• WHAT THE EXERCISE ASKS:
Would you retype the listing word for word, skipping its pictures?

• PROVIDED DATA:
+++++

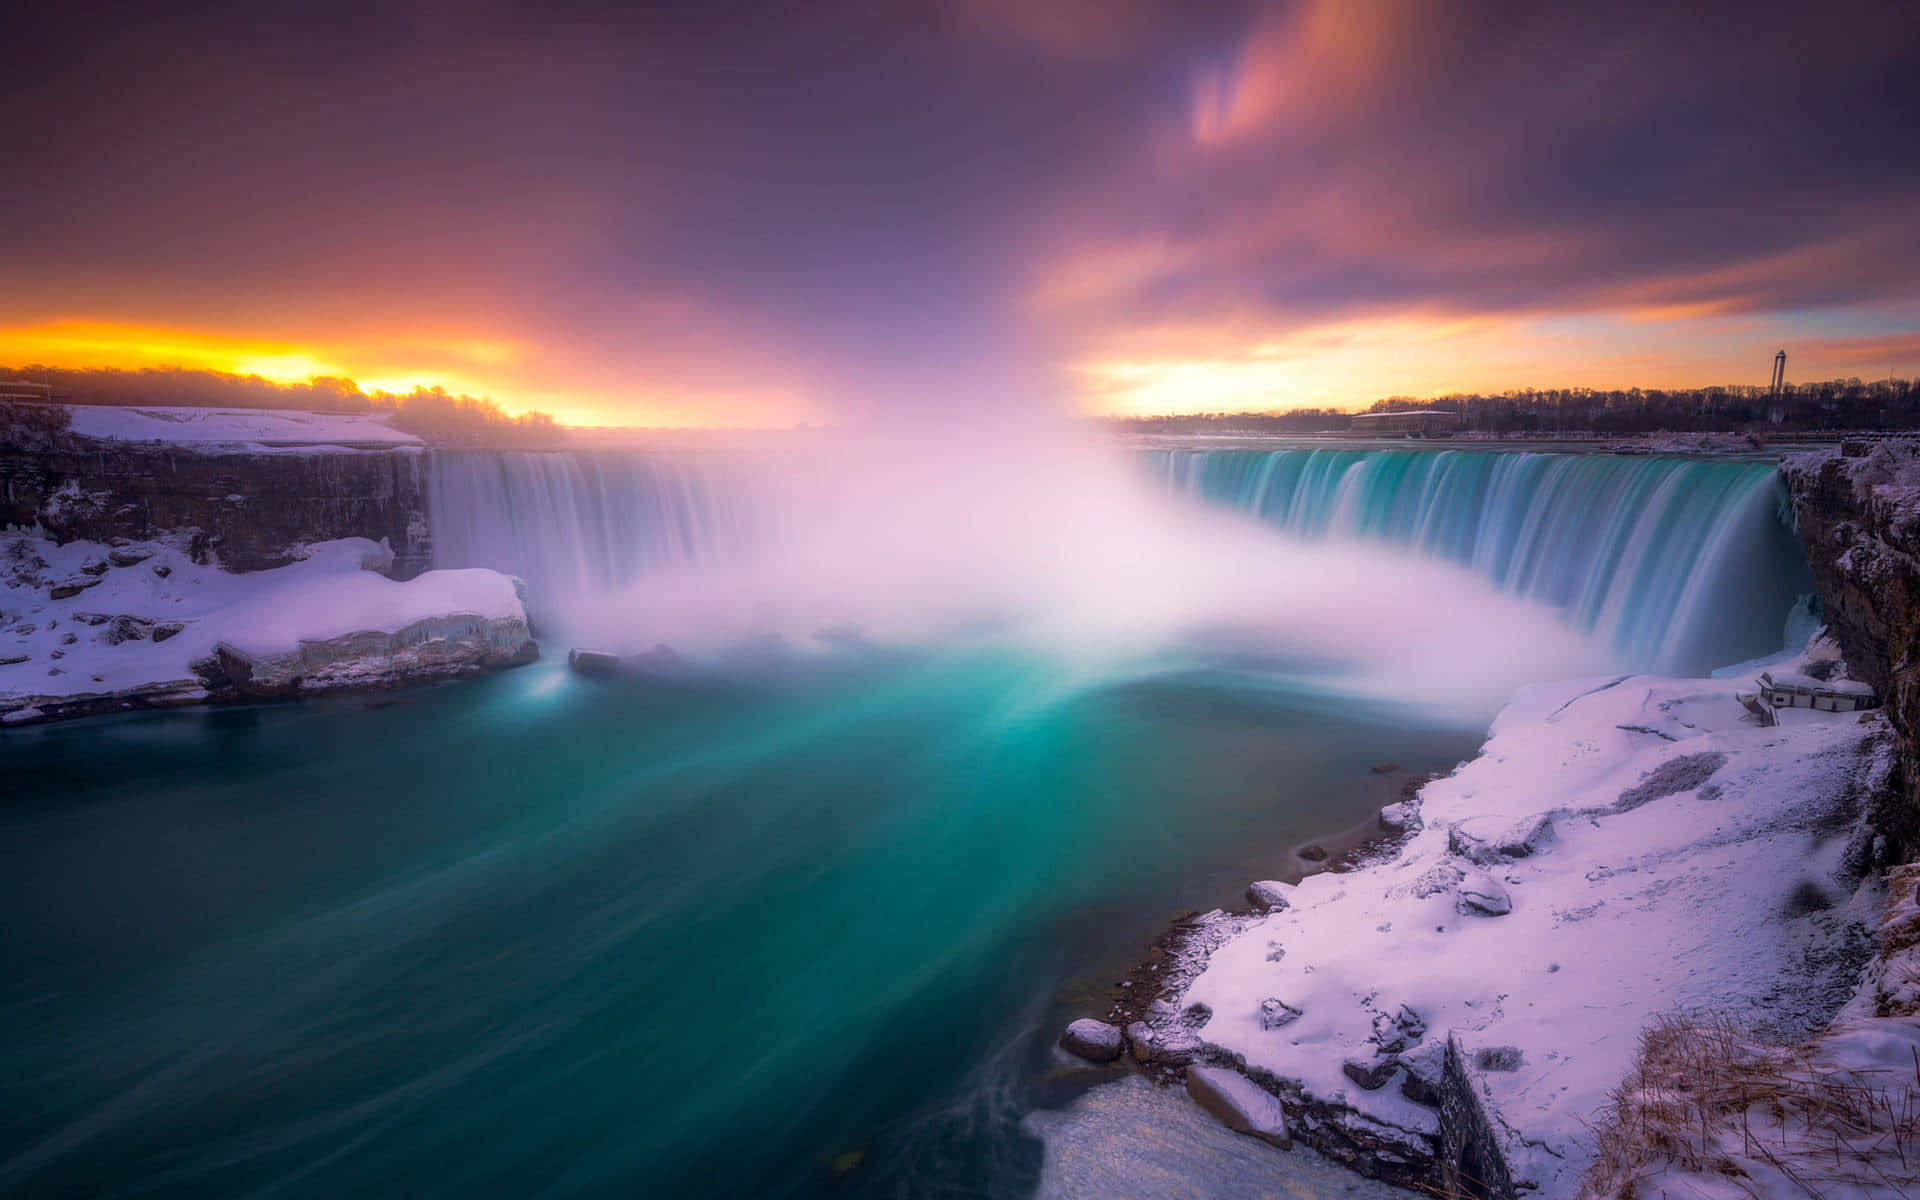 720pbillede Af Niagaravandfaldene.
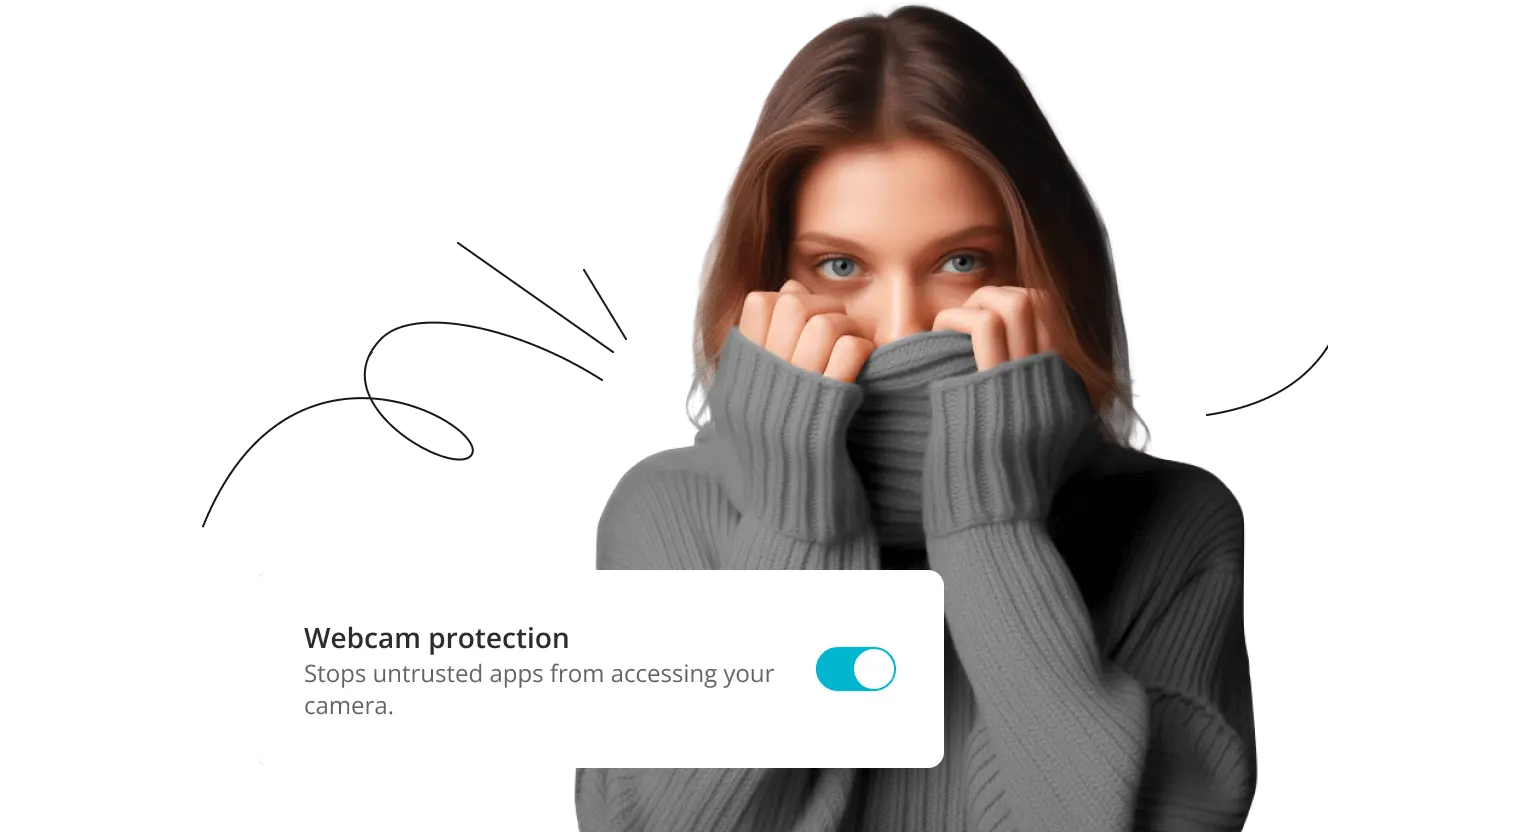 노란색 배경 화면에 회색 터틀넥 차림을 한 여성이 자신의 얼굴을 가리고 있습니다. Webcam 보호 기능 토글 버튼이 켜져 있습니다.
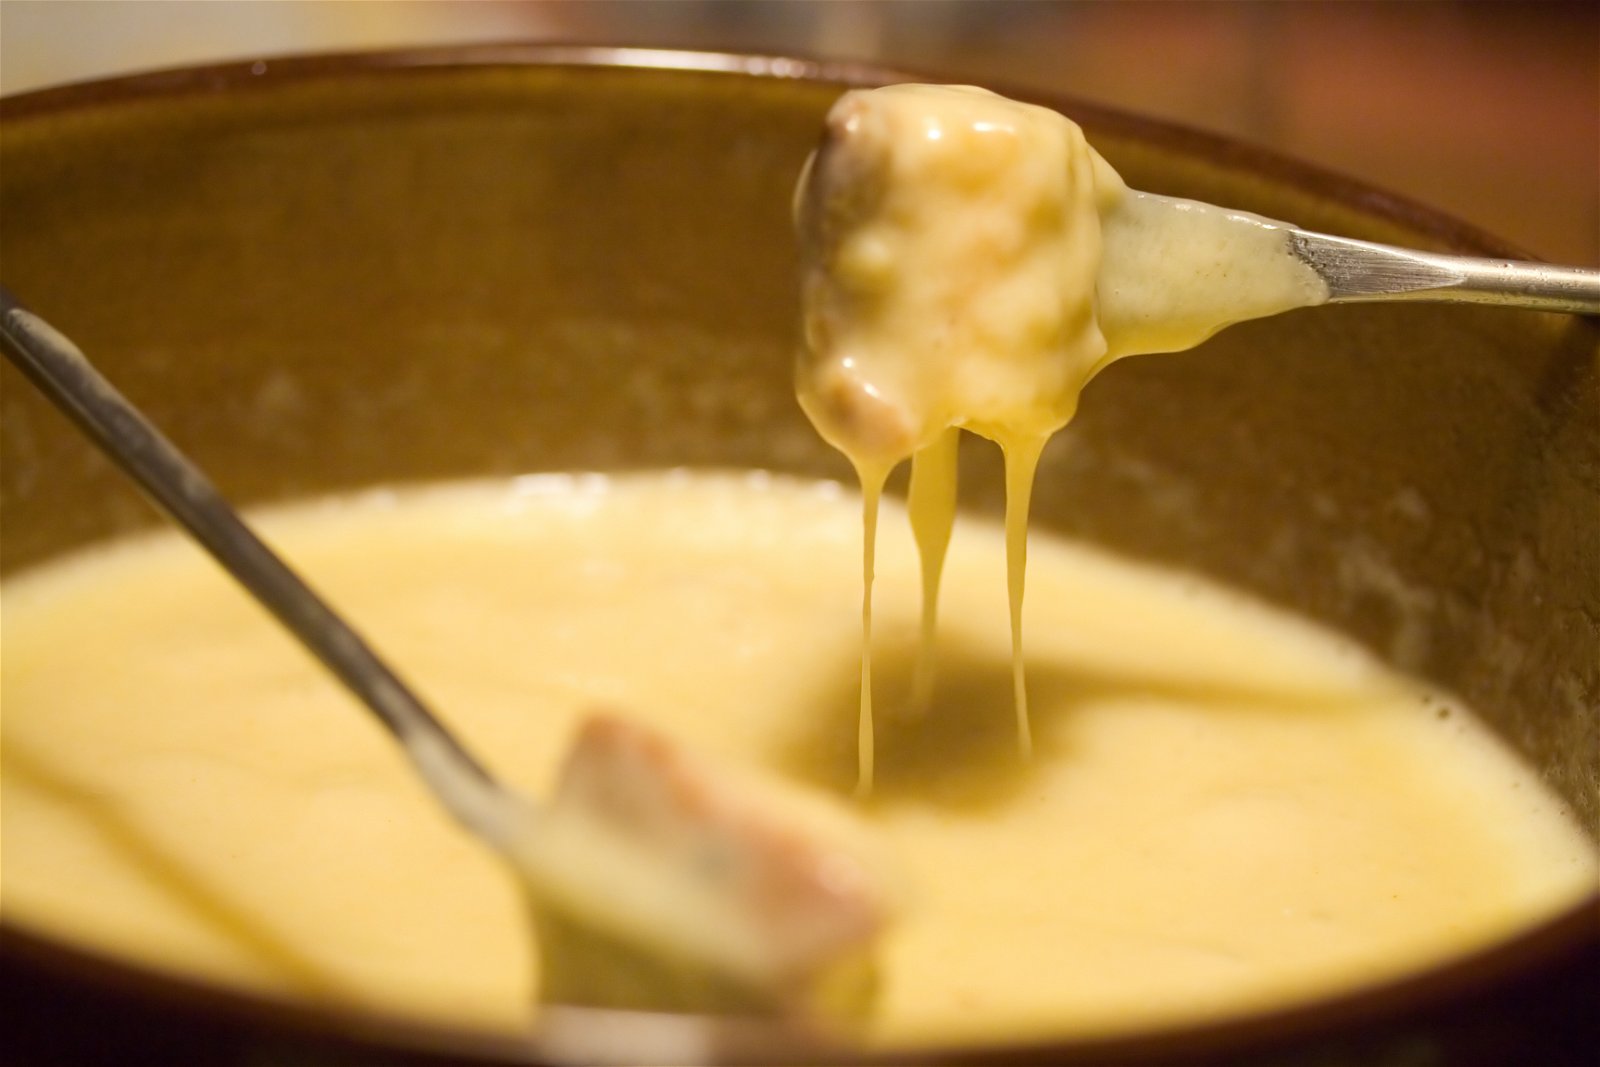 Swiss cheese fondue cruise

+++++

• ANSWER SPACE:
 720pbillede Af Niagaravandfaldene.
 노란색 배경 화면에 회색 터틀넥 차림을 한 여성이 자신의 얼굴을 가리고 있습니다. Webcam 보호 기능 토글 버튼이 켜져 있습니다.
 Swiss cheese fondue cruise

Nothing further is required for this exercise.